News

New paper!

Thursday, August 6, 2020

Statistics: F test and feature selection

F-test: "any statistical test in which the test statistic has an F-distribution under the null hypothesis" (Wikipedia)

Given U1 and U2 that follow chi square distribution with degree of freedom d1 and d2, respectively, the following F follows F-distribution if U1 and U2 are statistically independent:
        F = (U1/d1)/(U2/d2)

In an F-test the test statistic is the ratio of two scaled sums of squares reflecting different sources of variability* (U1/d1 and U2/d2 above). 
These sums of squares are constructed so that the statistic tends to be greater when the null hypothesis is not true.

*For ANOVA, 
        F = (explained variance) / (unexplained variance), or
        F = (between-group variability) / (within-group variability) .
In both cases, F takes a form of the sum of the square of differences between a set of values of interest and overall mean (which is conceptually related to variance or variability).

*For regression problems,
One has two models 1 and 2. Model 1 is nested within model 2; model 1 is the restricted version of the model 2. 
The model with more parameters (model 2) will always be able to fit the data at least as well as the model with fewer parameters (model 1). The question is whether model 2 gives a significantly better fit to the data than model 1 does. In this context, if there are n data to estimate parameters of both models from,
        F = [(RSS1 - RSS2)/ (p2 - p1)] / [RSS2 / (n - p2)]
p1 and p2: the number of parameters in model 1 and 2 (p1 < p2)
RSSi: the residual sum of squares of model i
n: the number of data points to estimate parameters of both models from

*F test in Feature Selection
"Modern day datasets are very rich in information .... This makes the data high dimensional ... Feature Selection is a very critical component in a Data Scientist's workflow. ... Feature Selection methods helps ... by reducing the dimensions without much loss of the total information. It also helps to make sense of the features and its importance."
In python with sklearn.feature_selection.f_regression to operate univariate linear regression tests:
        X: {array-like, sparse matrix} shape = (n_samples, n_features)
        y: array of shape (n_samples)
        F, p_val = f_regression(X, y)
This function first computes the correlation between each regressor and the target, i.e. [{X[:,i] - mean(X[:,i])} * {y - mean_y}] / [std(X[:,i]) * std(y)].
Then, this is converted to an F values then to a p-value.
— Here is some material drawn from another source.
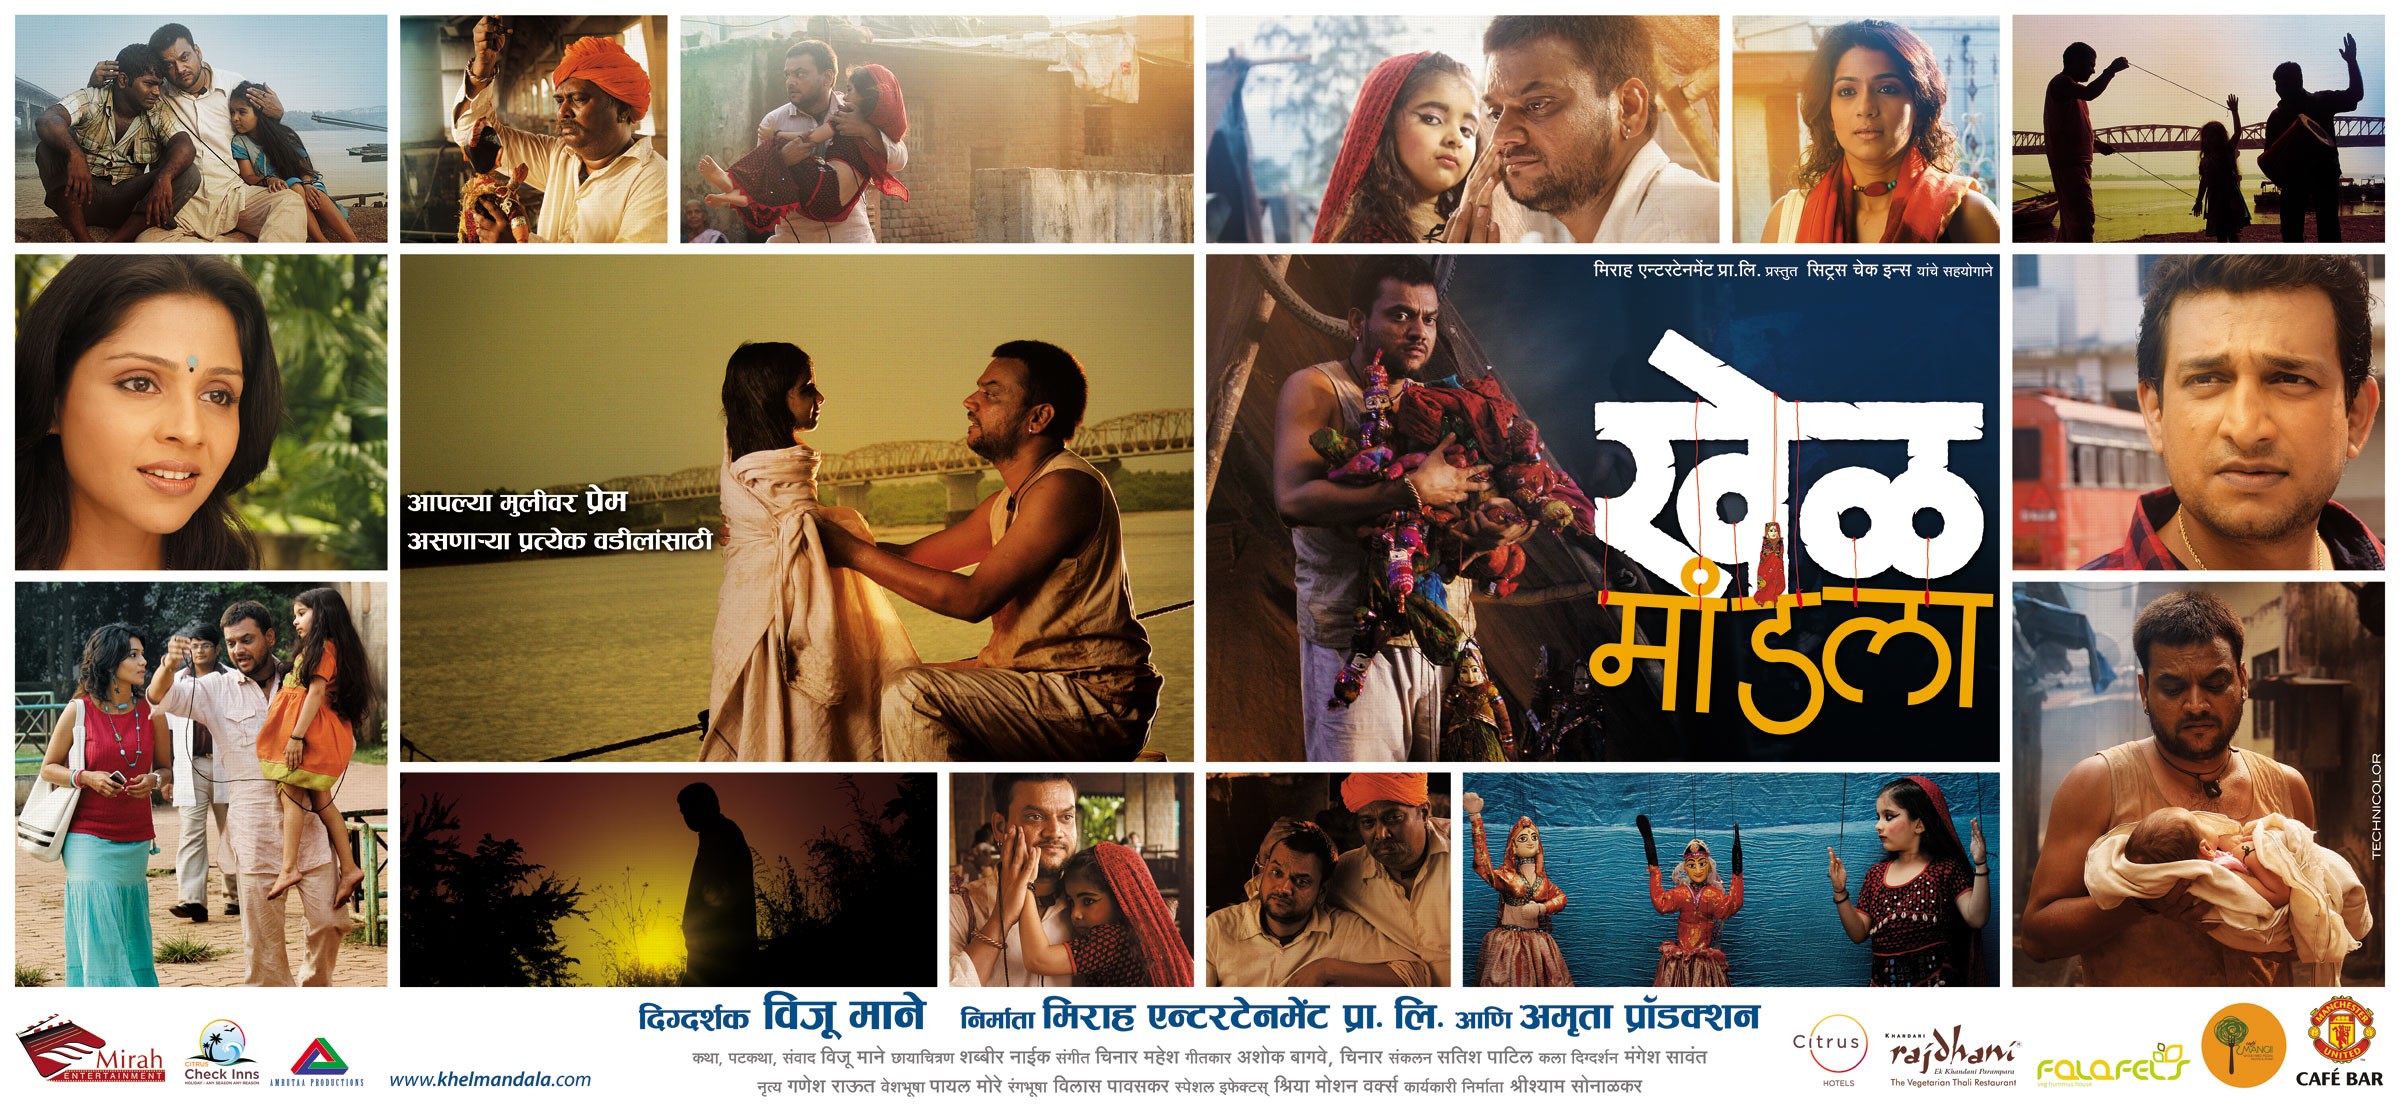 Mega Sized Movie Poster Image for Khel Mandala (#13 of 13)

Drawbacks of using F-Test to select features is that it relies on correlation. When the use of correlation doesn't make sense, F-test isn't a good indicator. It captures only linear relationships between features and labels, by giving a higher score to a highly correlated feature.
Using mutual information can resolve this problem. It does well even when the features and target is non-linearly related.